William Kentridge loves to bake. When his children were little, he often made their birthday cakes: a giraffe with a patchwork ochre coat, a pirate chest full of gold coins. Baking, with its careful weighing, its set oven temperatures and precise cooking times, is sponge-engineering, which may be why it appeals to him. It’s so very different from the spiralling gyre of art-making that has filled his normal working day for the past half-century.
Three years ago, shortly before he was due to gather together the cast of his latest theatre project for the first time, the only certainties in Kentridge’s mind were that the work would feature a chorus of seven women and the figure of death, and that it would be called The Great Yes, The Great No, from a poem by the Greek master Constantine Cavafy. Not until he reread an article by a friend about the last ship to leave Marseille, the only major port to remain free after the fall of France during the Second World War, did Kentridge begin to see how the piece might take shape.

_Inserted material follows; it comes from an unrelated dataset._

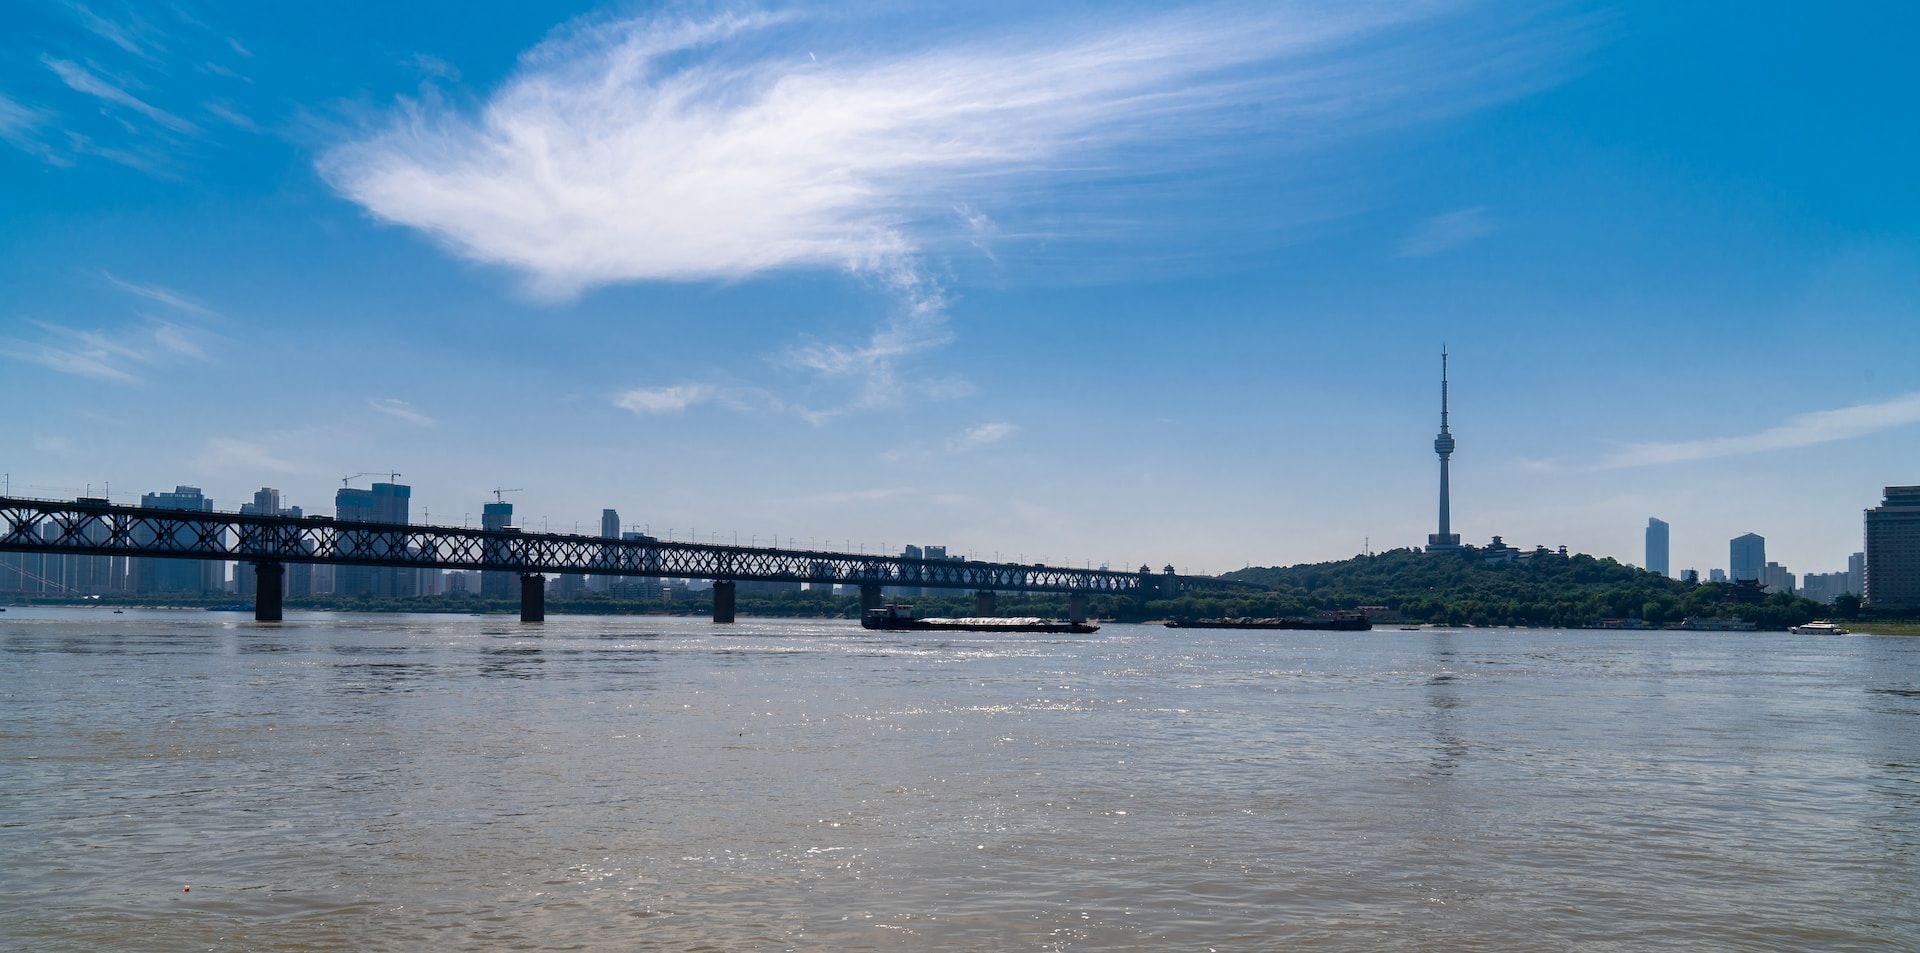 Wuhan ponte do rio Yangtze

The Capitaine Paul-Lemerle was a converted cargo vessel that had seen better days. It was commandeered in Marseille in early 1941 by a young American, using funds raised in New York by Albert Einstein and Peggy Guggenheim, to help carry refugees to safety. “The Germans had invaded and conquered France,” Kentridge told me earlier this year during a break in rehearsals. “And so there were many refugees trying to flee France from the Nazis. It’s communists, it’s homosexuals, it’s artists, it’s Jews. It’s many people trying to leave across the Atlantic Ocean.”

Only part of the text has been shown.